CVA Analysis - Discover Natural Abstractions

Commonality Variability Analysis (CVA) is a systematic technique for discovering abstractions from requirements. Instead of choosing patterns first, you build a matrix showing what's COMMON (constant across use cases) vs what VARIES (differs between cases). Patterns emerge naturally from the matrix structure.

Core Insight: Rows (commonalities) map to Strategy pattern. Columns (variabilities) map to Abstract Factory pattern. The matrix reveals whether abstraction is needed at all.

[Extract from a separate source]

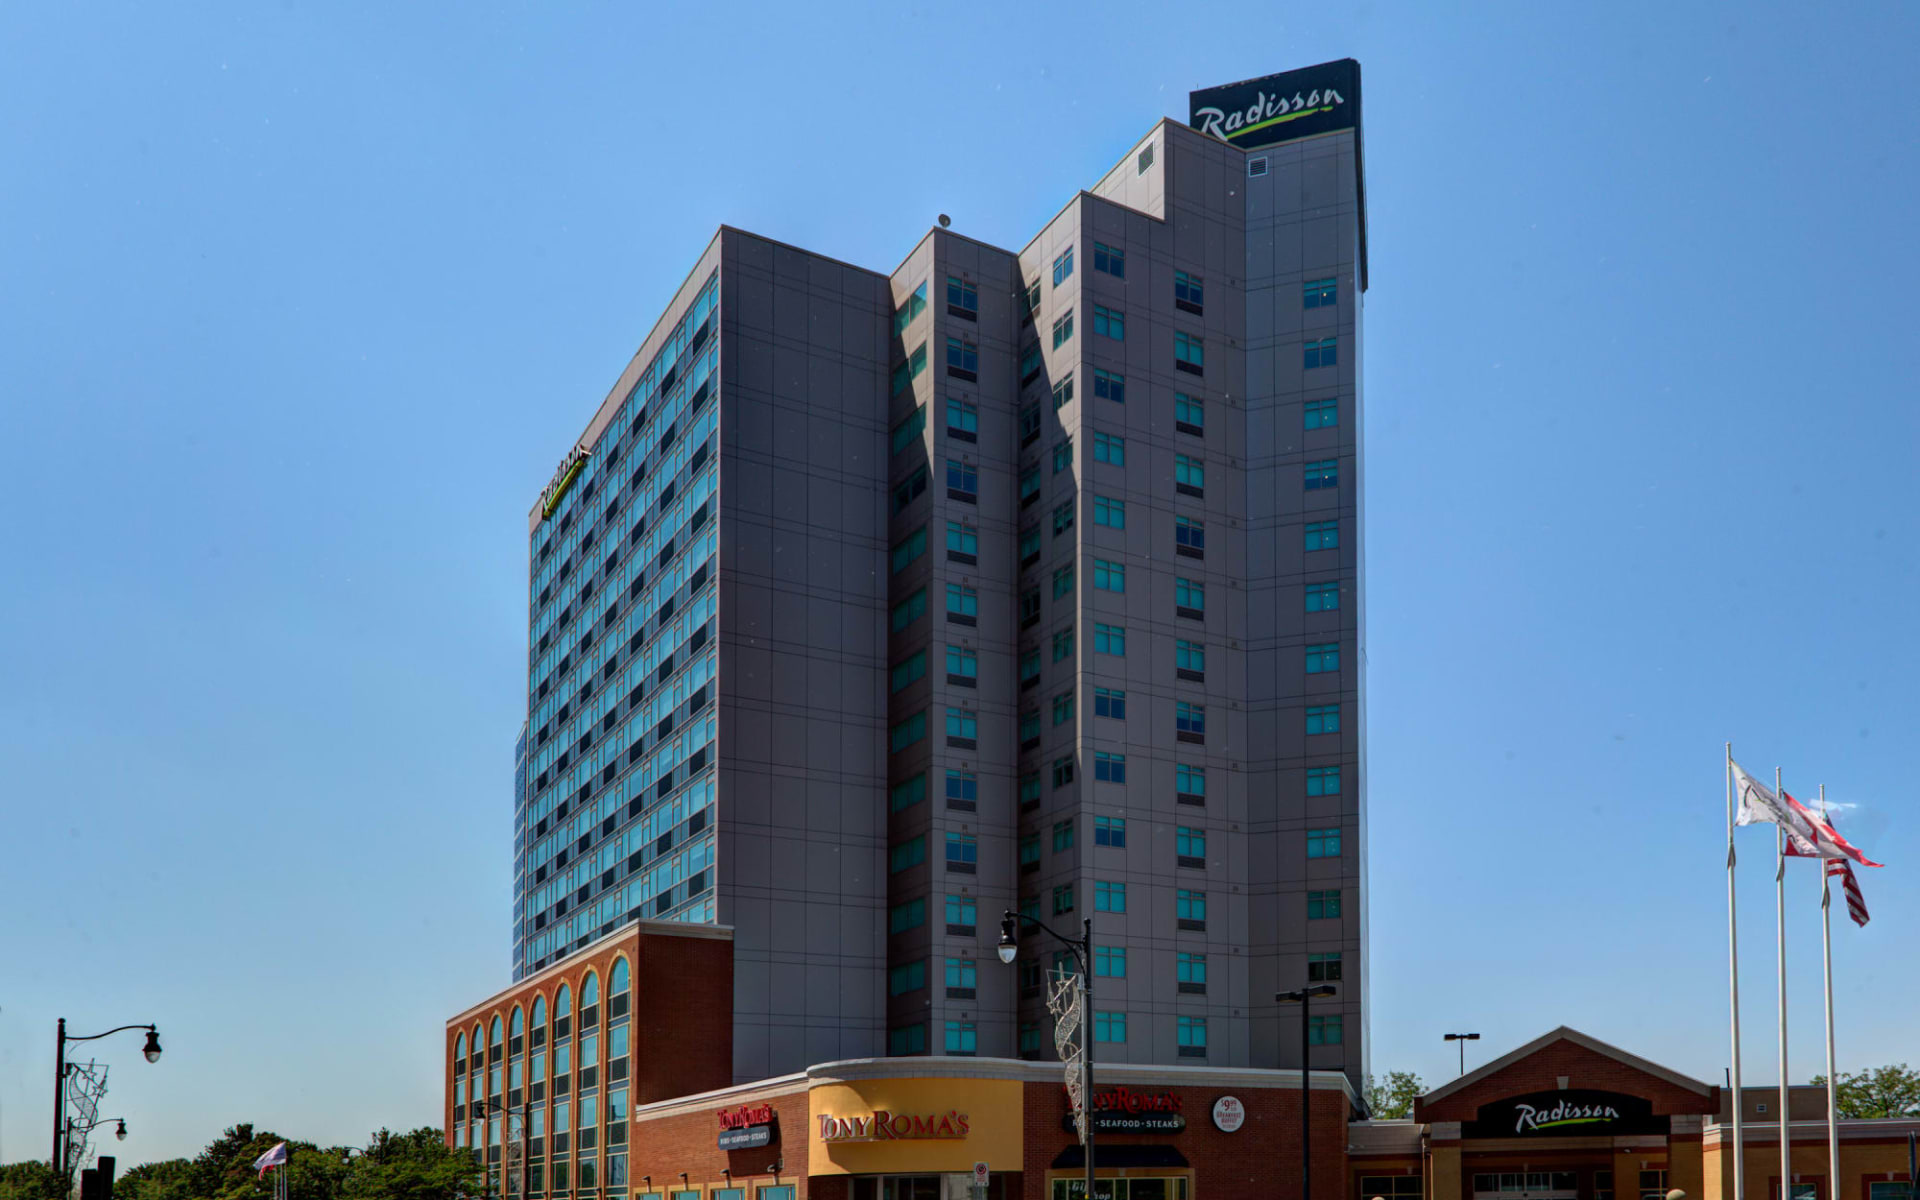 Radisson Hotel & Suites Fallsview in Niagara Falls:  Radisson Hotel & Suites Fallsview_Summer

From CLAUDE.md Design Philosophy: "Greatest vulnerability is wrong or missing abstraction." CVA prevents wrong abstractions by making pattern selection evidence-based, not intuition-based.

Triggers

Activate CVA when you encounter:

• discover abstractions for [domain]
• run CVA analysis on [requirements]
• commonality variability analysis
• prevent wrong abstraction
• what patterns emerge from [use cases]

Quick Reference

Phase	Purpose	Input	Output	Time
1. Identify Commonalities	Find what's constant across ALL use cases	Use cases/requirements	List of commonalities (matrix rows)	5-10 min
2. Identify Variabilities	Find what VARIES between use cases	Commonalities + use cases	List of variabilities (matrix columns)	5-10 min
3. Build Matrix	Visualize commonality × variability relationships	Rows + columns	CVA matrix (Markdown table)	5-15 min
4. Map to Patterns	Translate matrix structure to design patterns	Completed matrix	Pattern recommendations + rationale	5-10 min
5. Validate & Handoff	Validate choices, route to appropriate agents	Pattern recommendations	Validation report + ADR stub	5-10 min

Total Time: Quick (15 min), Standard (30 min), Deep (60 min)

When to Use

Use CVA when:

• Facing 2+ similar but varying requirements
• About to select a design pattern (validate with CVA first)
• Refactoring code with duplicated logic
• Need evidence for abstraction decisions (ADR material)
• Team debates whether to abstract (make implicit explicit)

Do NOT use CVA when:

• Only 1 use case exists (wait for 2nd per YAGNI)
• Pattern is obvious and uncontested (don't over-analyze)
• Time-critical decision (<15 min available, use intuition)
• Requirements are still highly uncertain (premature)

Process

Phase 1: Identify Commonalities

Purpose: Establish what is ALWAYS true across ALL use cases. This becomes the stable foundation.

Steps:

1. Start with first use case: What does it need? List all capabilities.
2. Add second use case: What do BOTH need? Extract shared capabilities.
3. For each additional use case: What do ALL cases need?
4. Document as matrix ROWS: Each row is a commonality present in every use case.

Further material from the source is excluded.